## [Required action]
For this exercise, retype each line of the material below verbatim and omit any picture.
***** Available data *****
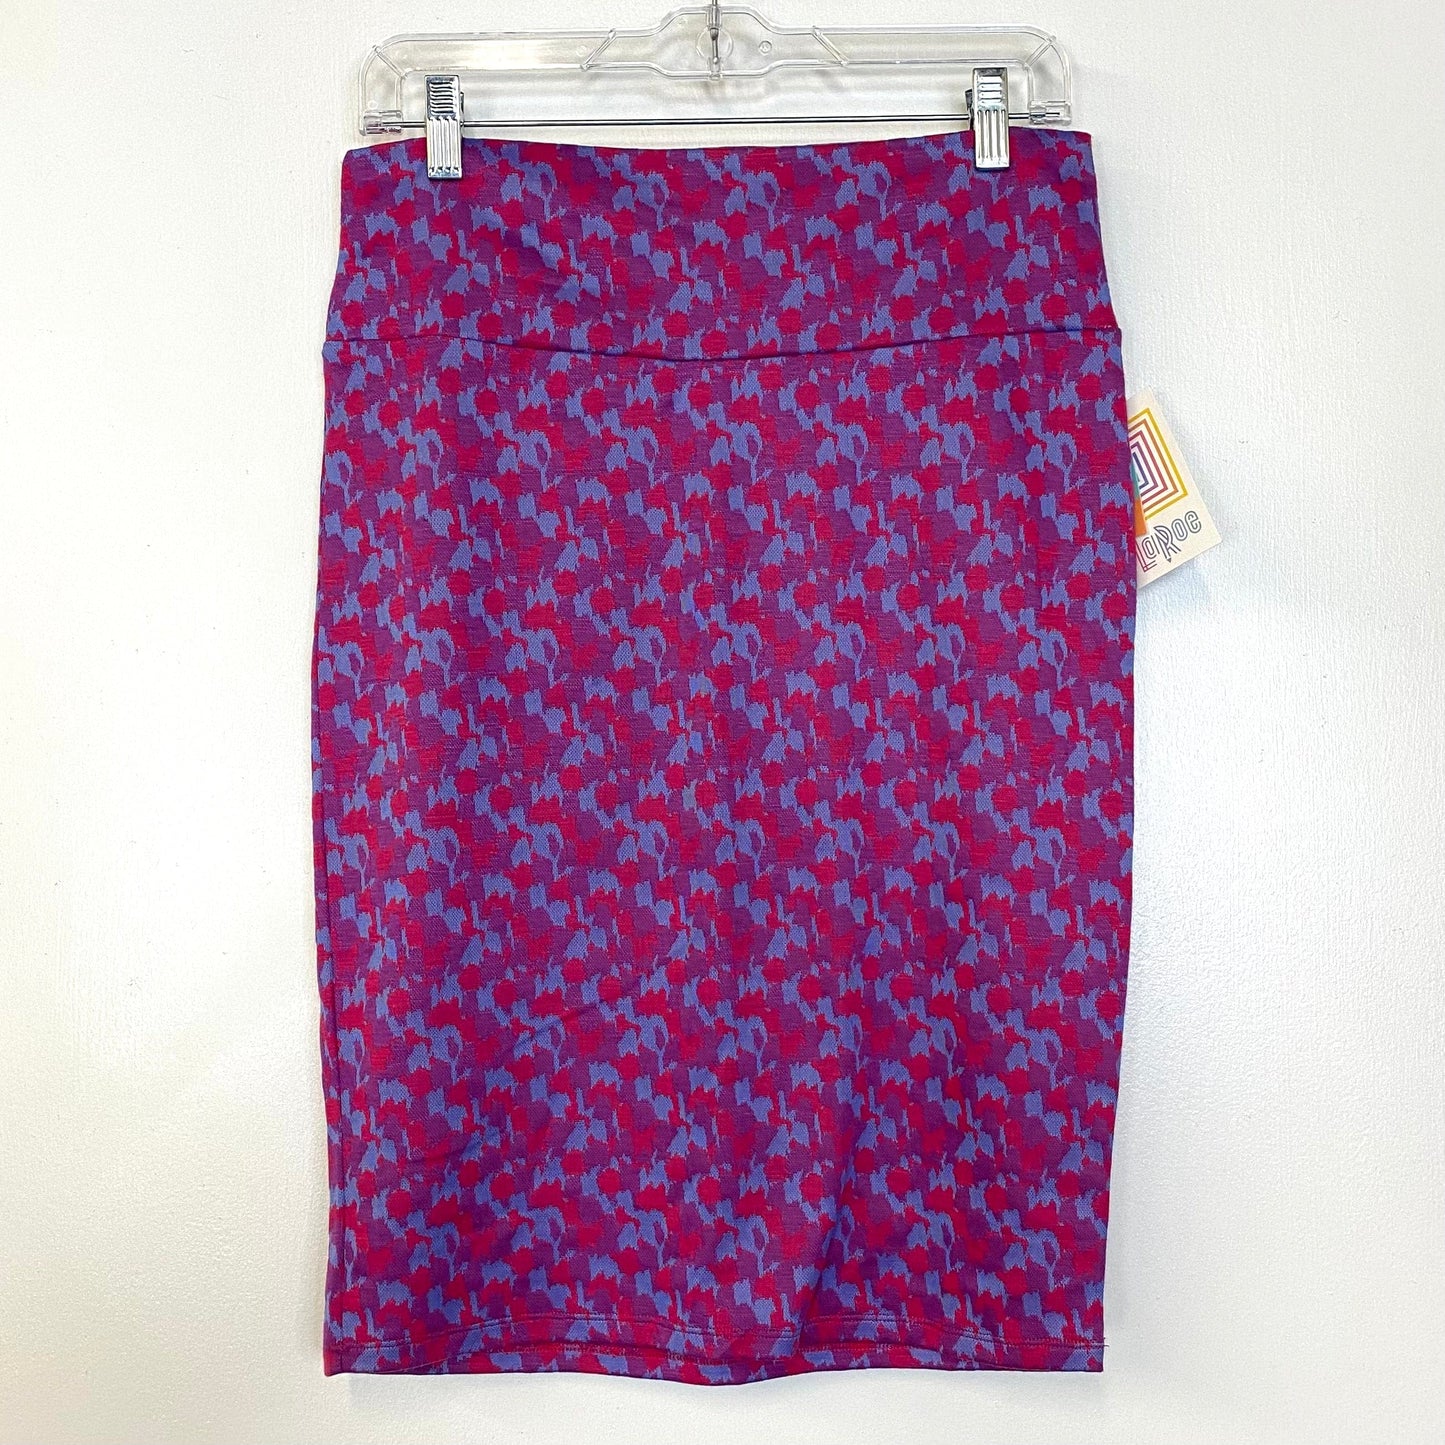 LuLaRoe Womens M Pink/Purple Abstract/Houndstooth Print Cassie Skirt NWT*
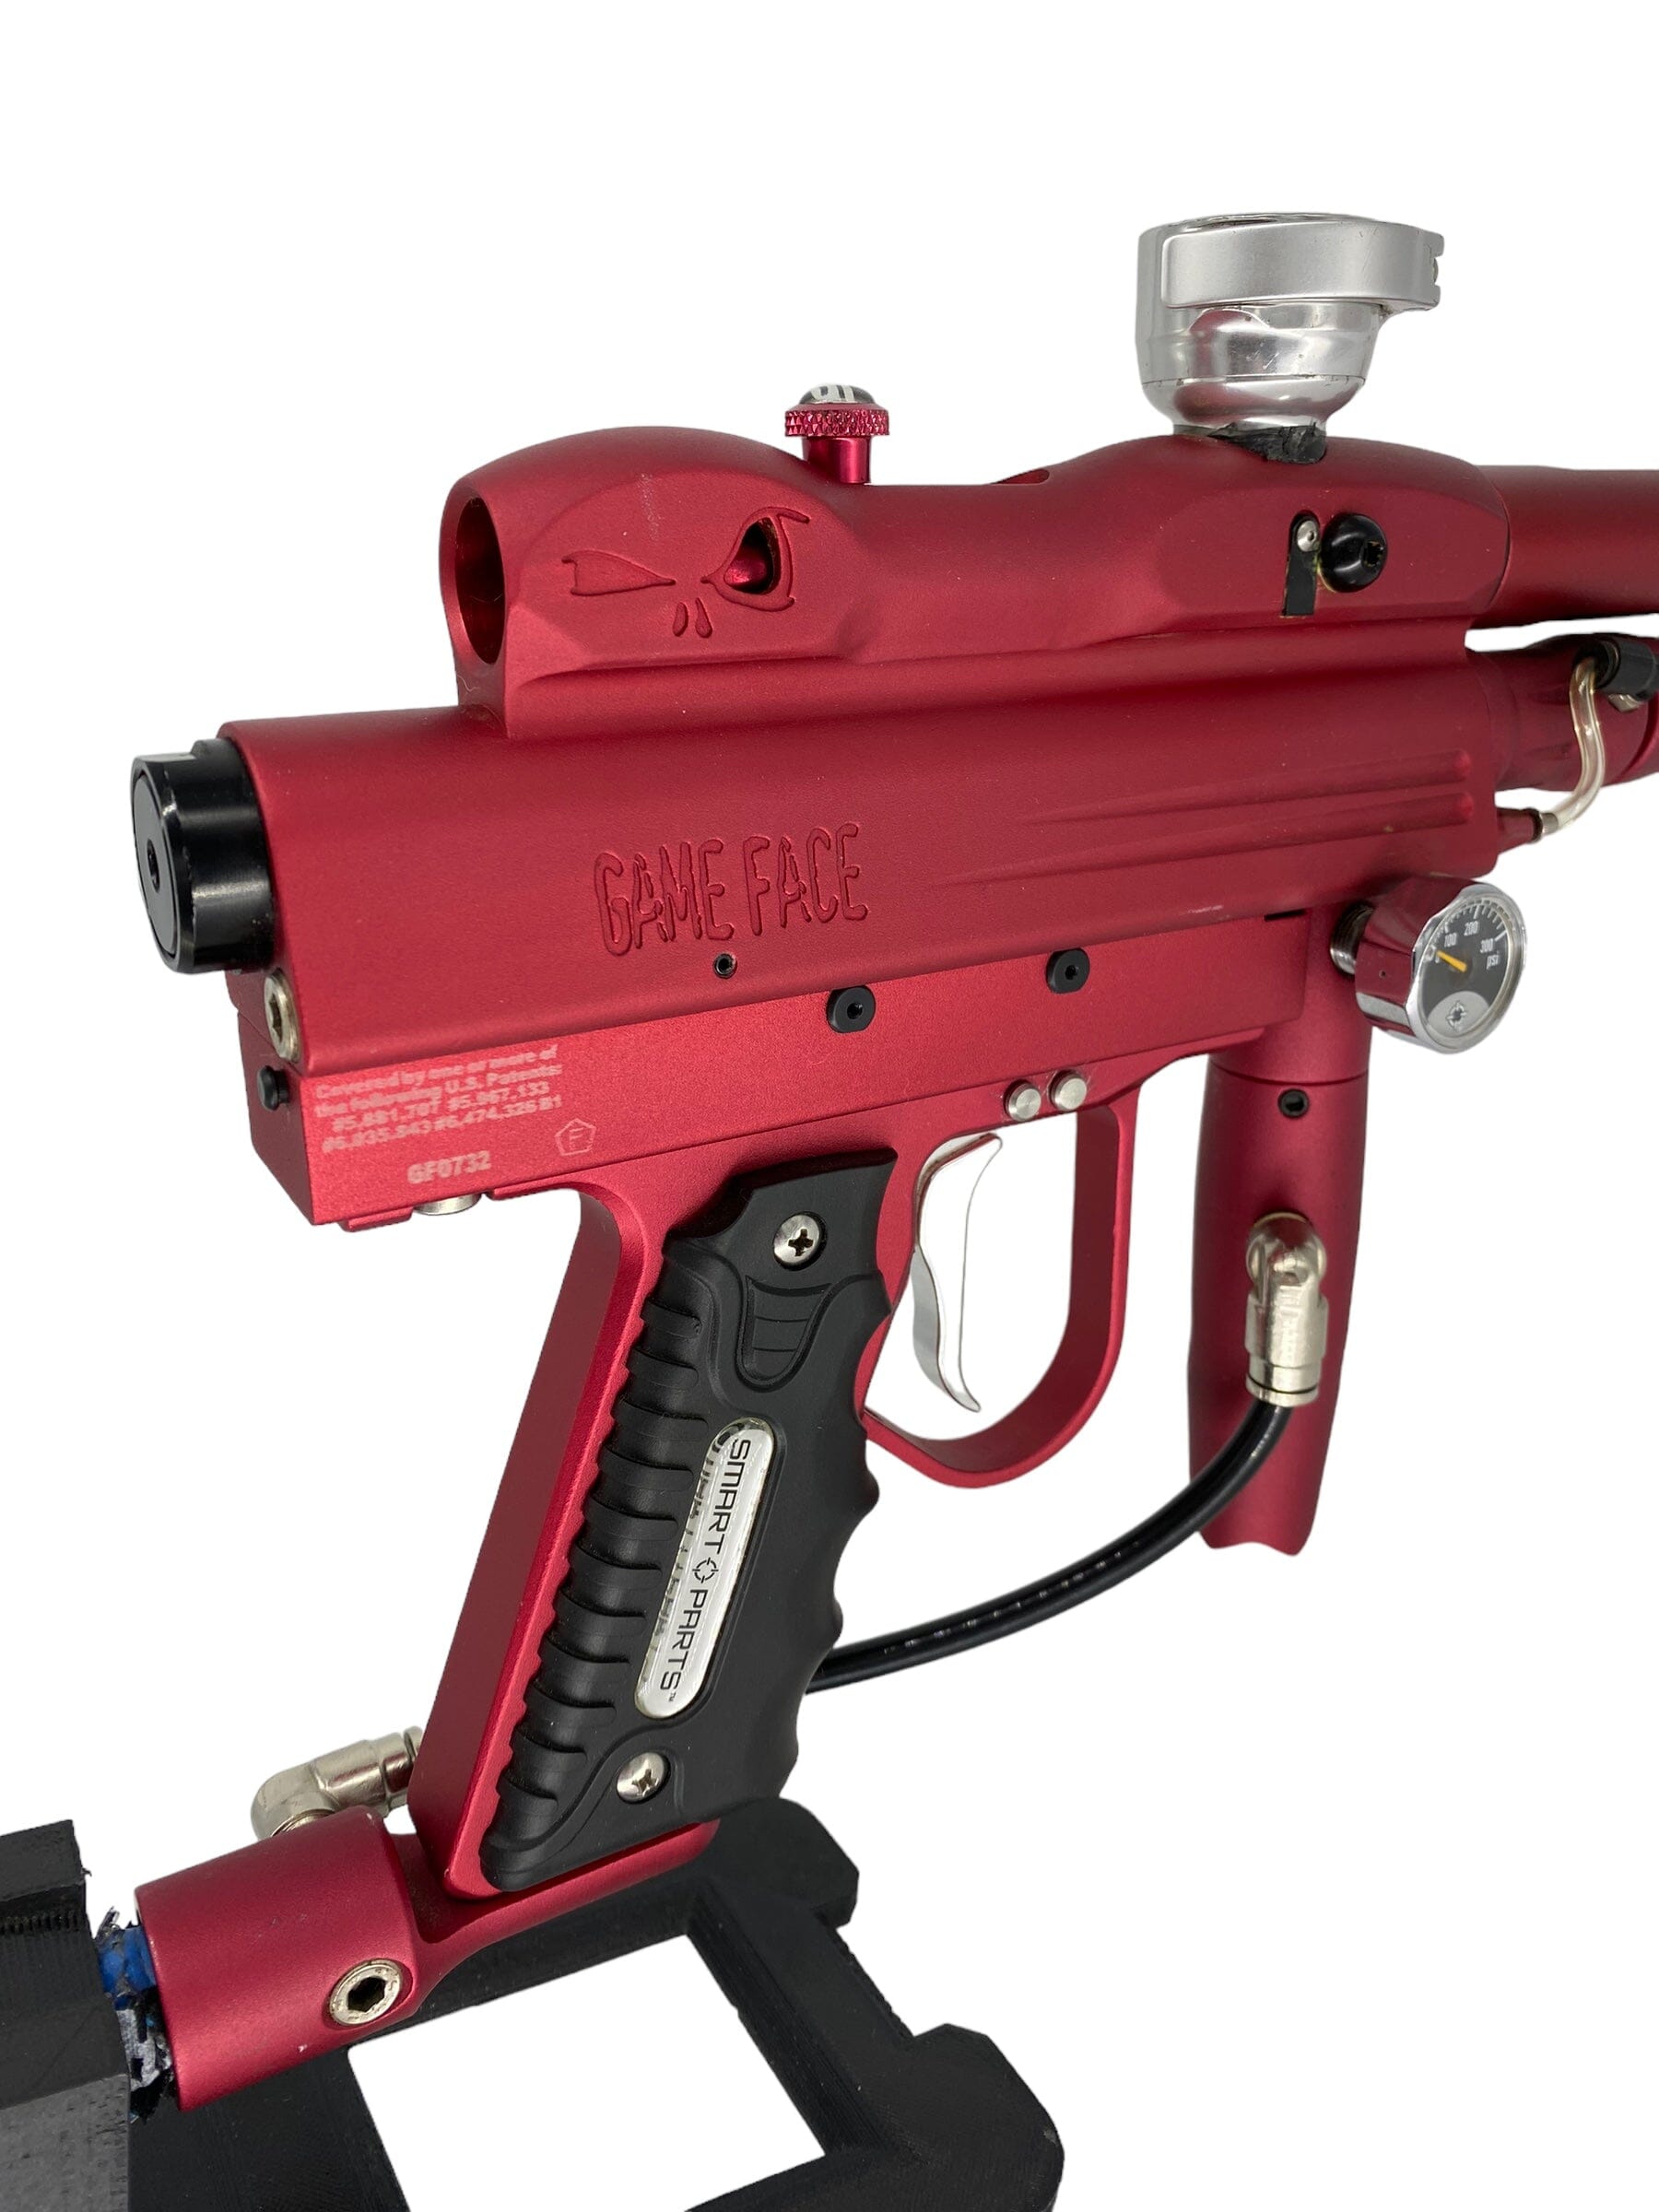 Used Game Face Impulse Paintball Gun Paintball Gun from CPXBrosPaintball Buy/Sell/Trade Paintball Markers, New Paintball Guns, Paintball Hoppers, Paintball Masks, and Hormesis Headbands
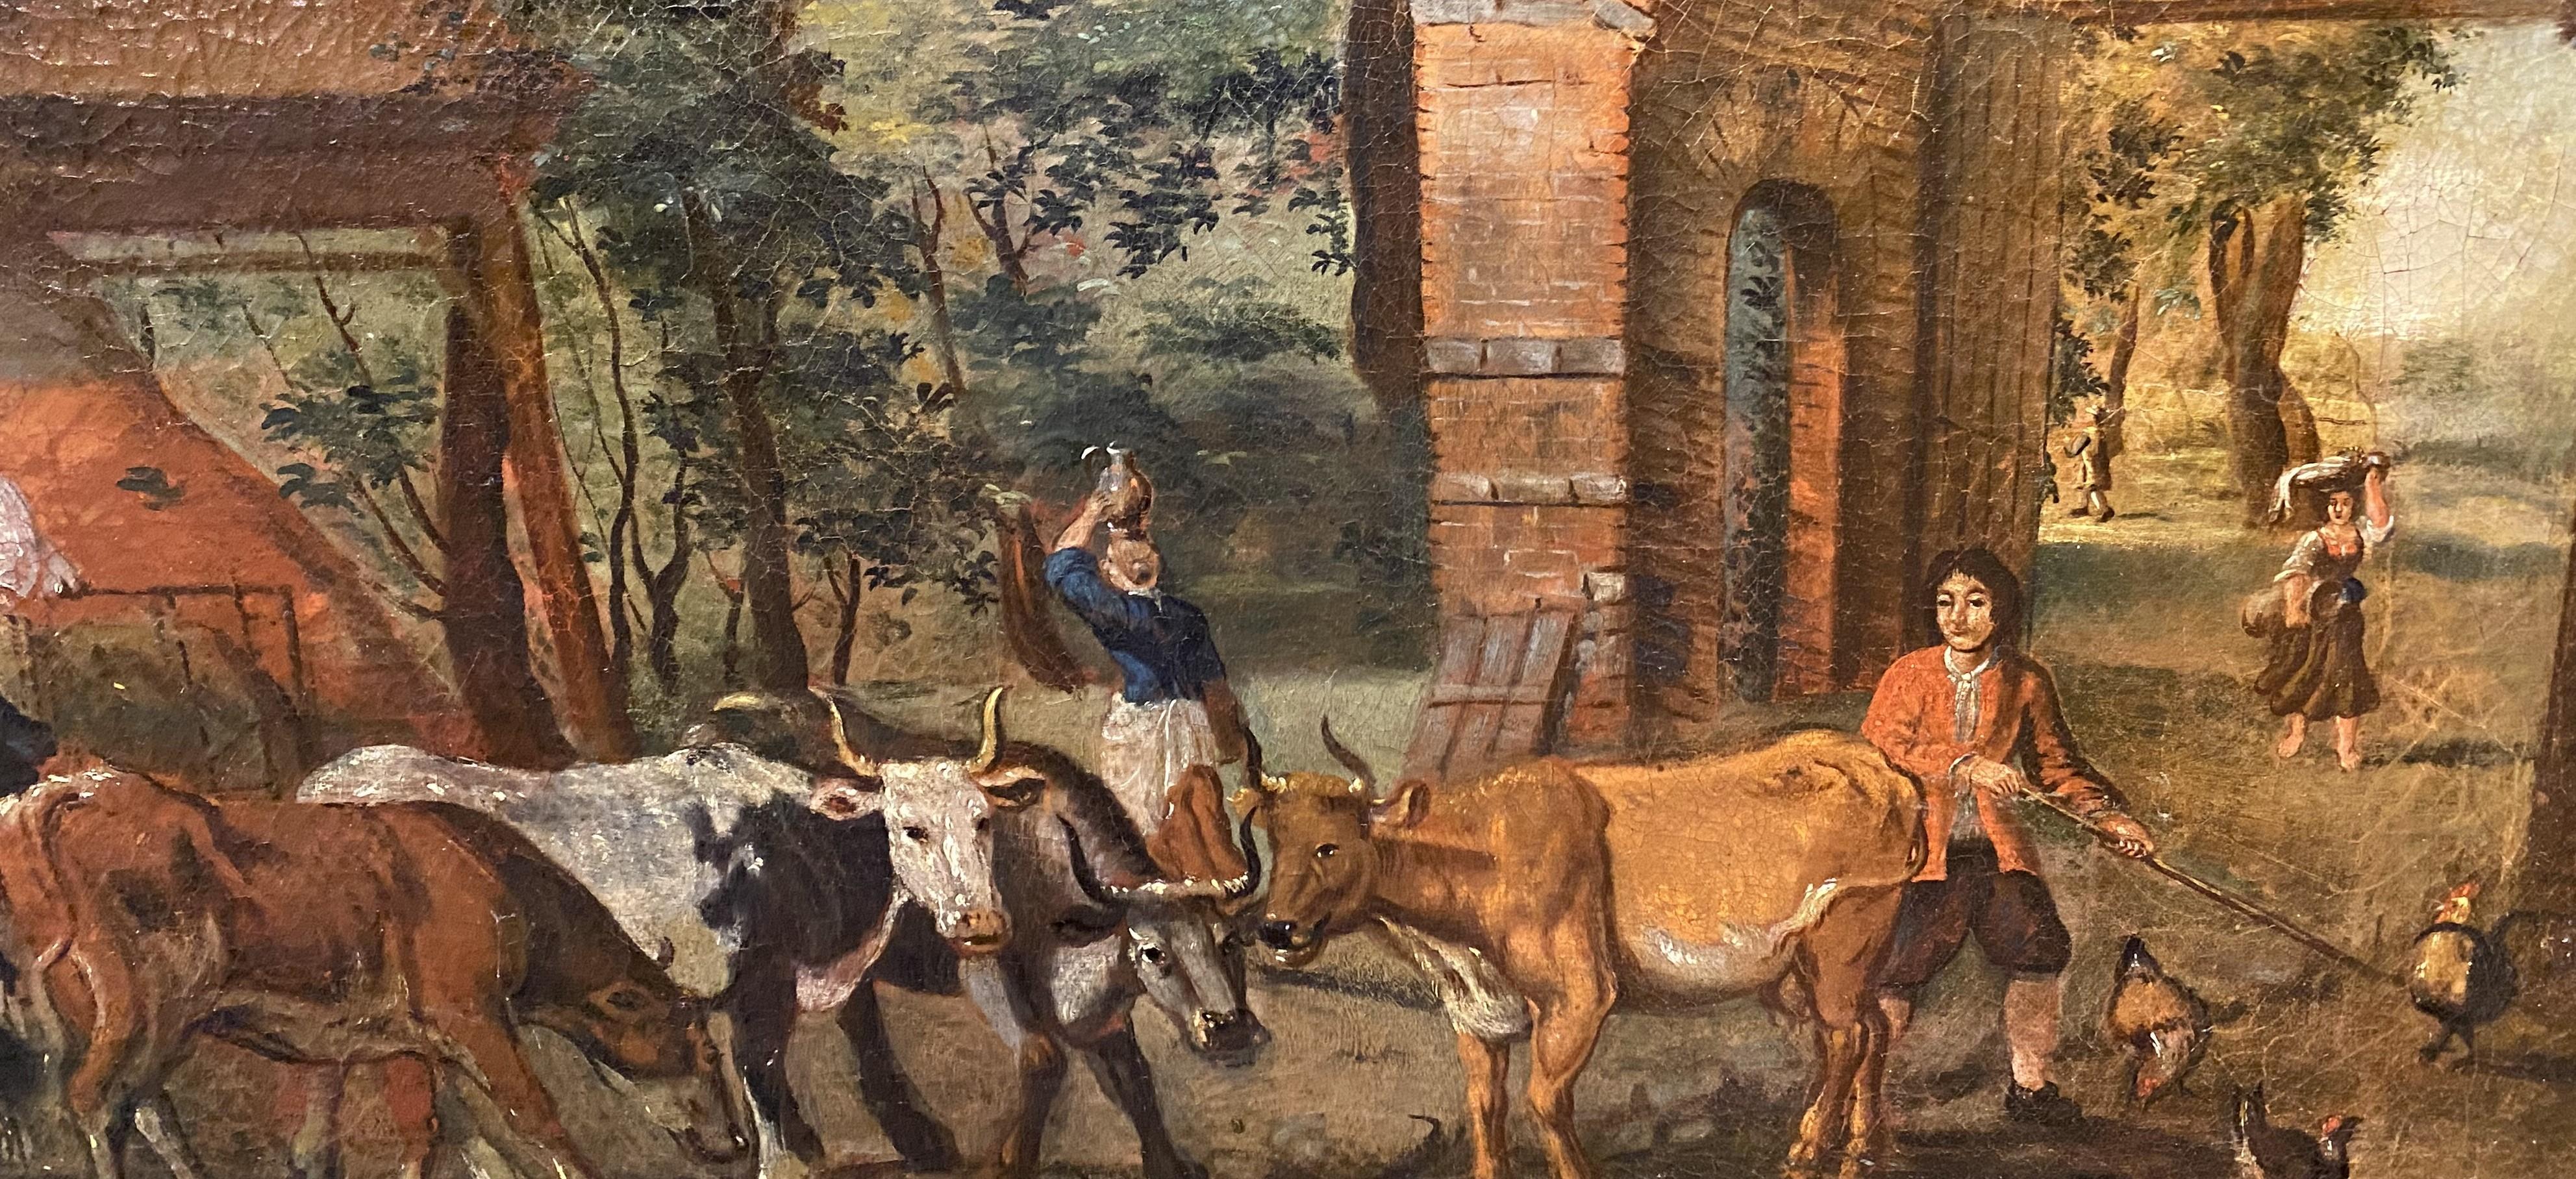 A fine 18th century Continental School landscape oil painting with animals including cows, horses, dogs, and chickens in a farm setting. Oil on canvas, laid down on board, unsigned, and housed in a molded giltwood frame with rust colored inset.
*****
## [Response box]
 LuLaRoe Womens M Pink/Purple Abstract/Houndstooth Print Cassie Skirt NWT*
 Used Game Face Impulse Paintball Gun Paintball Gun from CPXBrosPaintball Buy/Sell/Trade Paintball Markers, New Paintball Guns, Paintball Hoppers, Paintball Masks, and Hormesis Headbands
 A fine 18th century Continental School landscape oil painting with animals including cows, horses, dogs, and chickens in a farm setting. Oil on canvas, laid down on board, unsigned, and housed in a molded giltwood frame with rust colored inset.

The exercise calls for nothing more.